WORK TASK: Omit the images, then repeat the listing exactly.

(DATA SHOWN Opens)

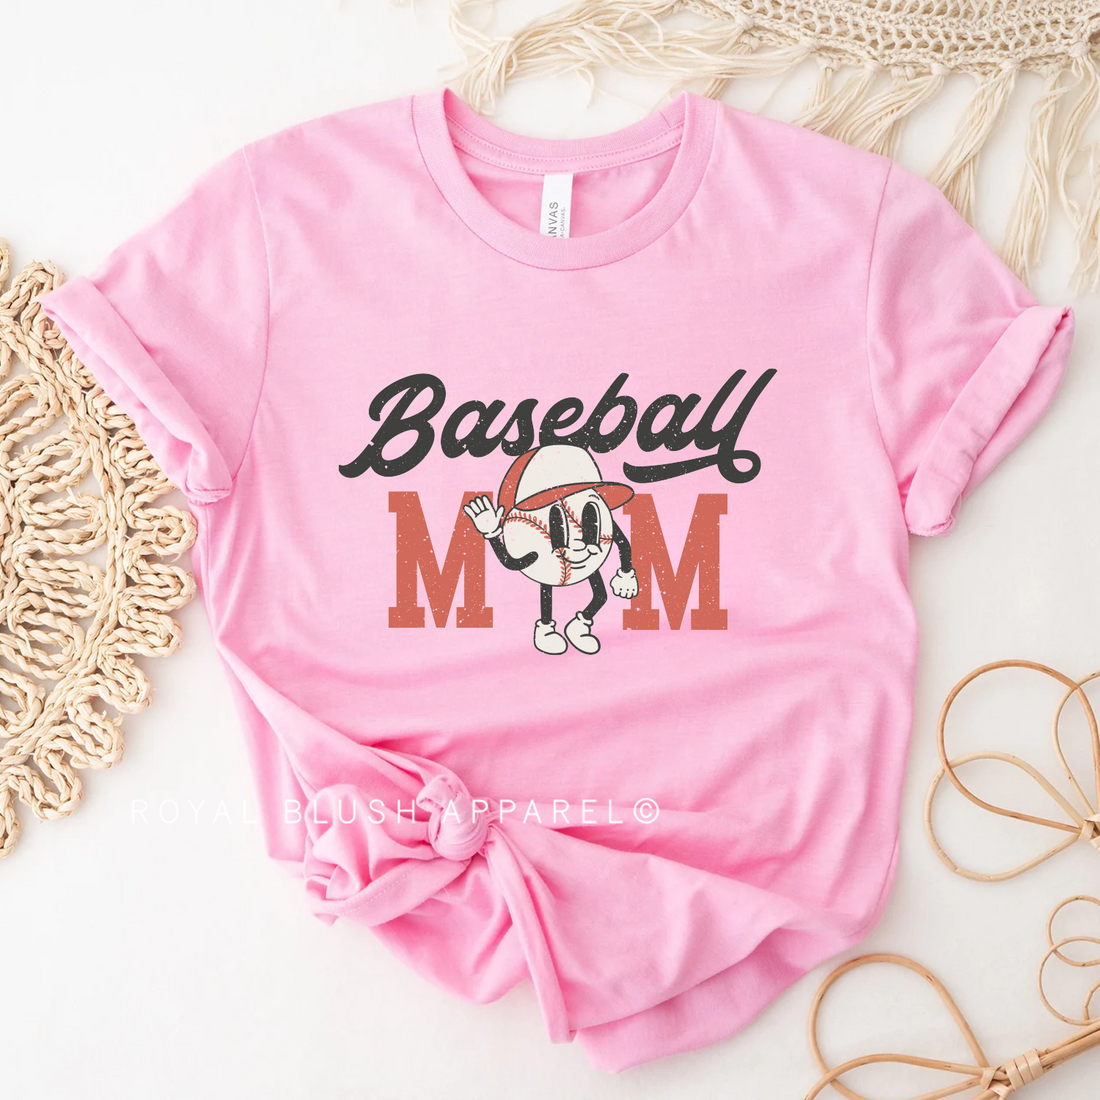 Baseball Mom Relaxed Unisex T-shirt - SMALL BUBBLE GUM
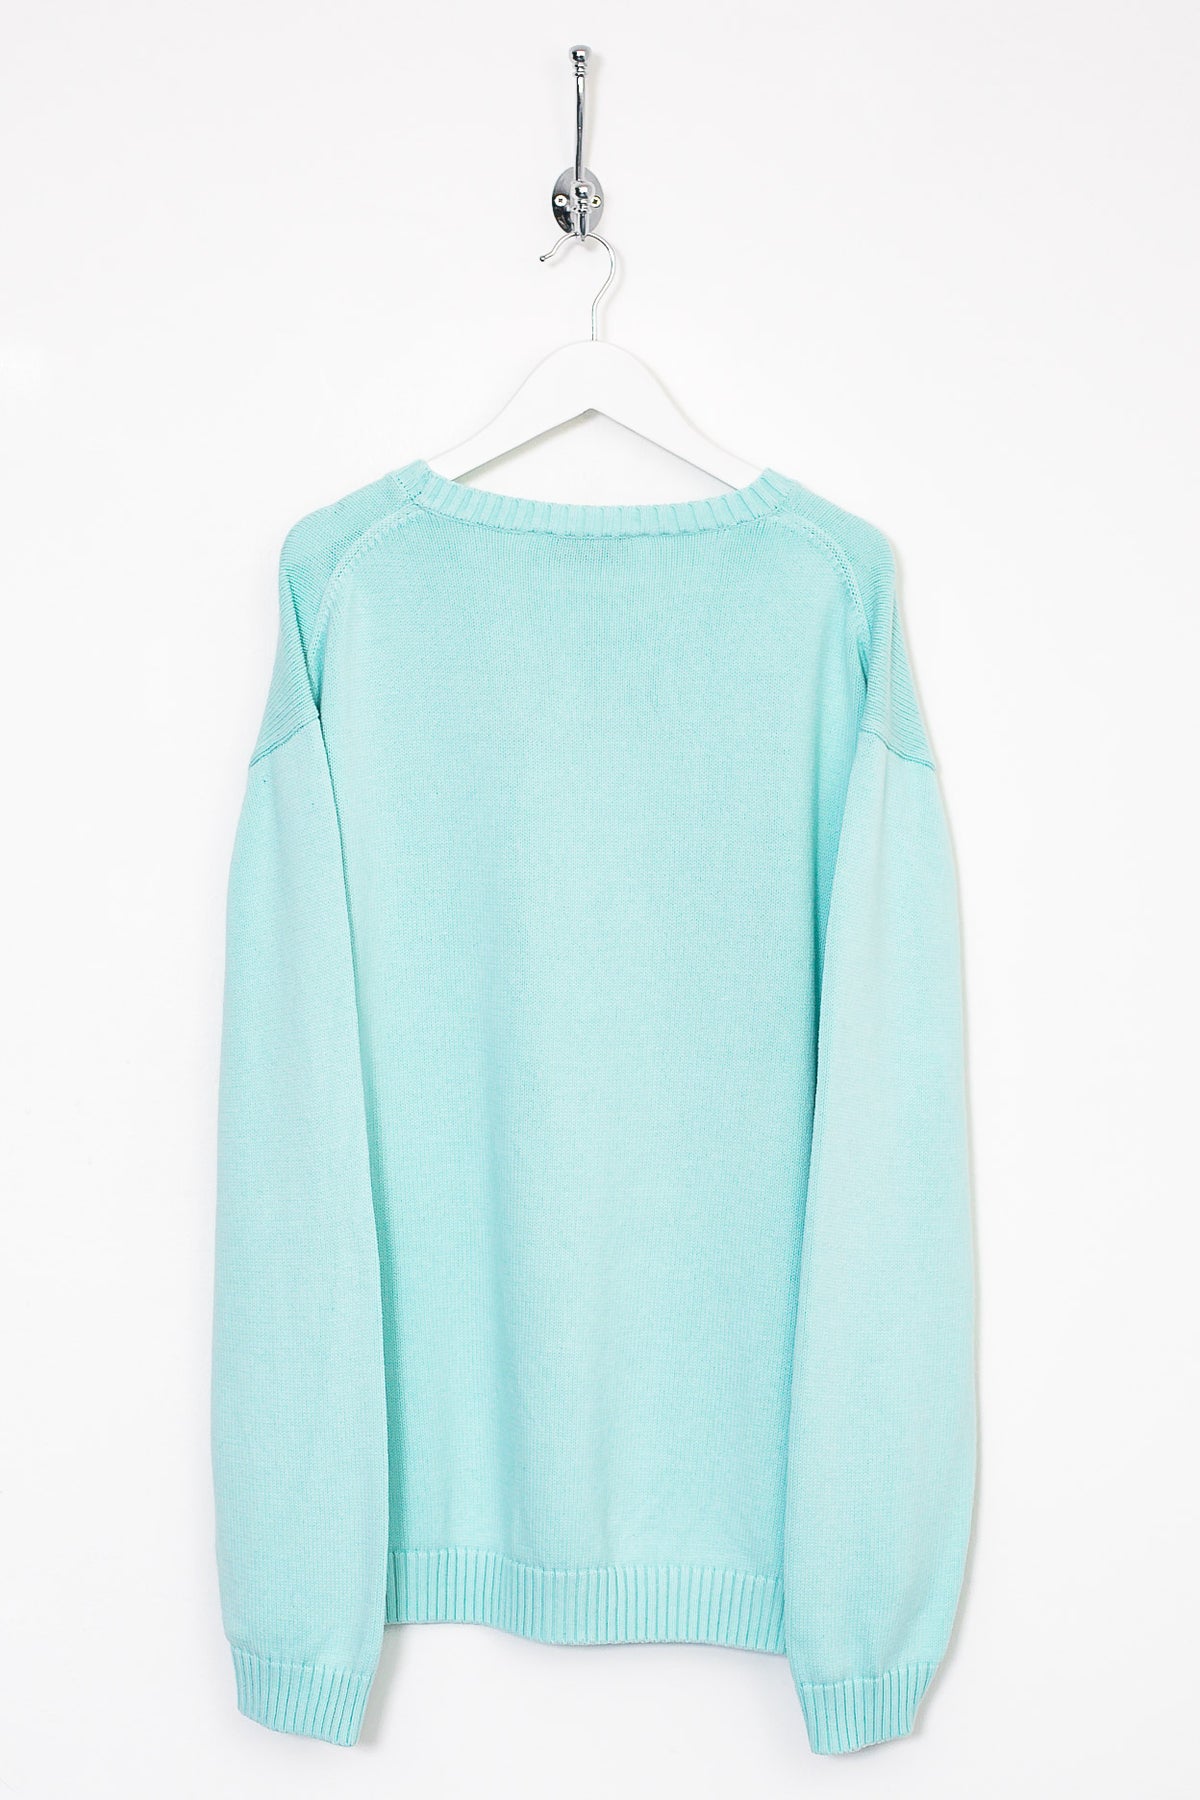 00s YSL Knit Sweatshirt (XL)
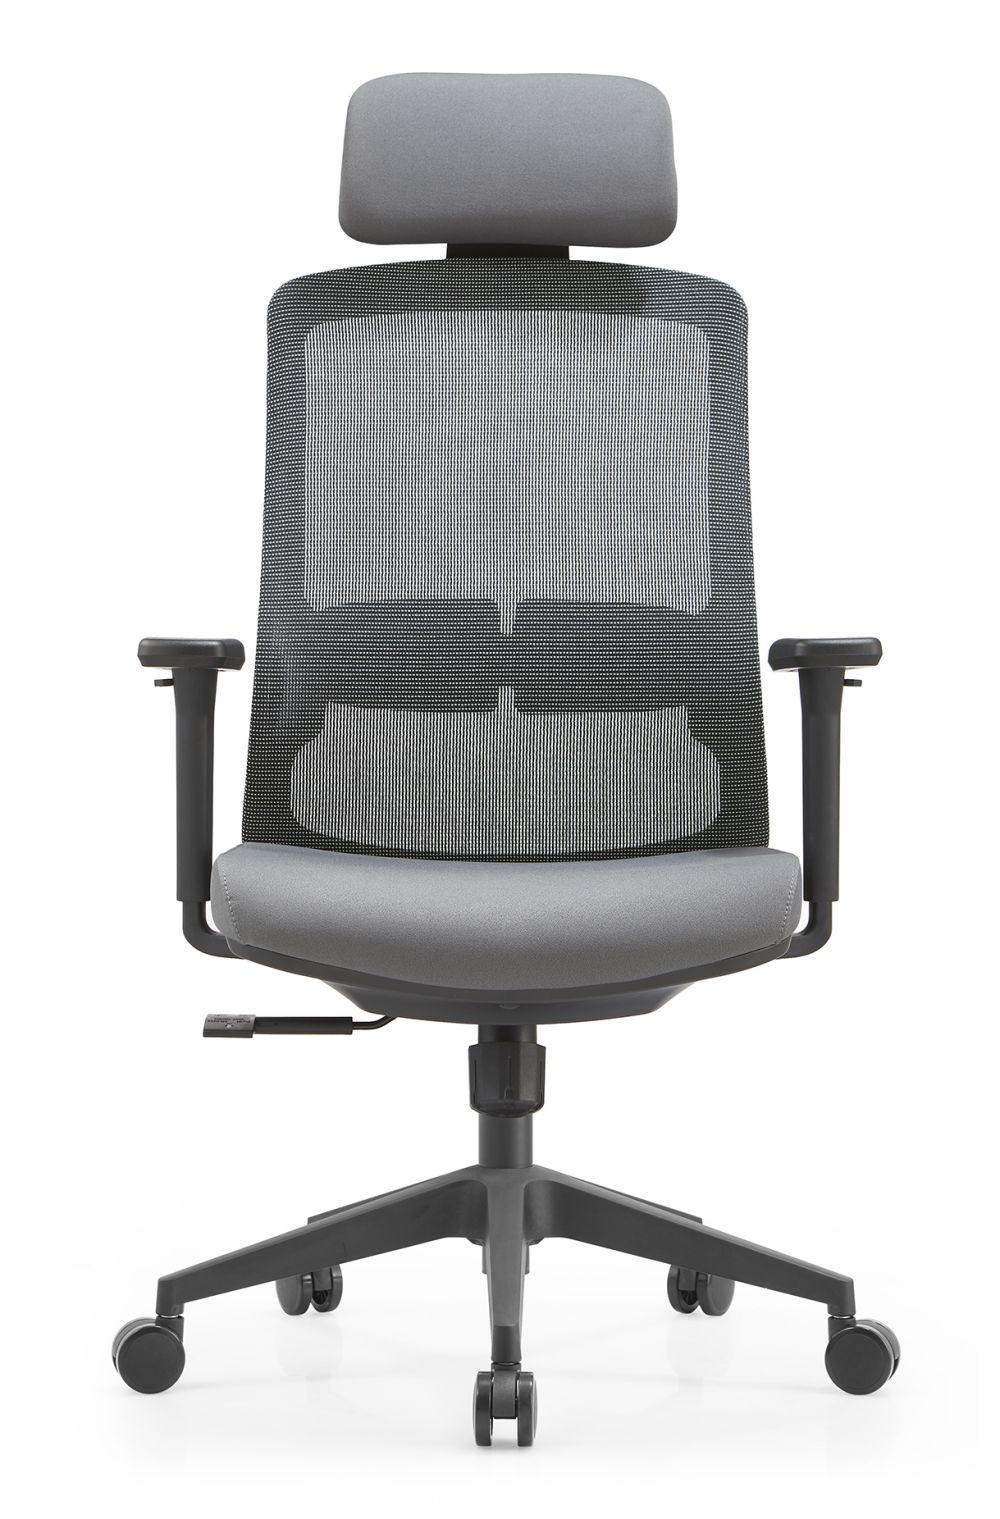 Home Ergonomic Office Chair (1)

(DATA SHOWN Closes)

TASK RESULT:
 Baseball Mom Relaxed Unisex T-shirt - SMALL BUBBLE GUM
 00s YSL Knit Sweatshirt (XL)
 Home Ergonomic Office Chair (1)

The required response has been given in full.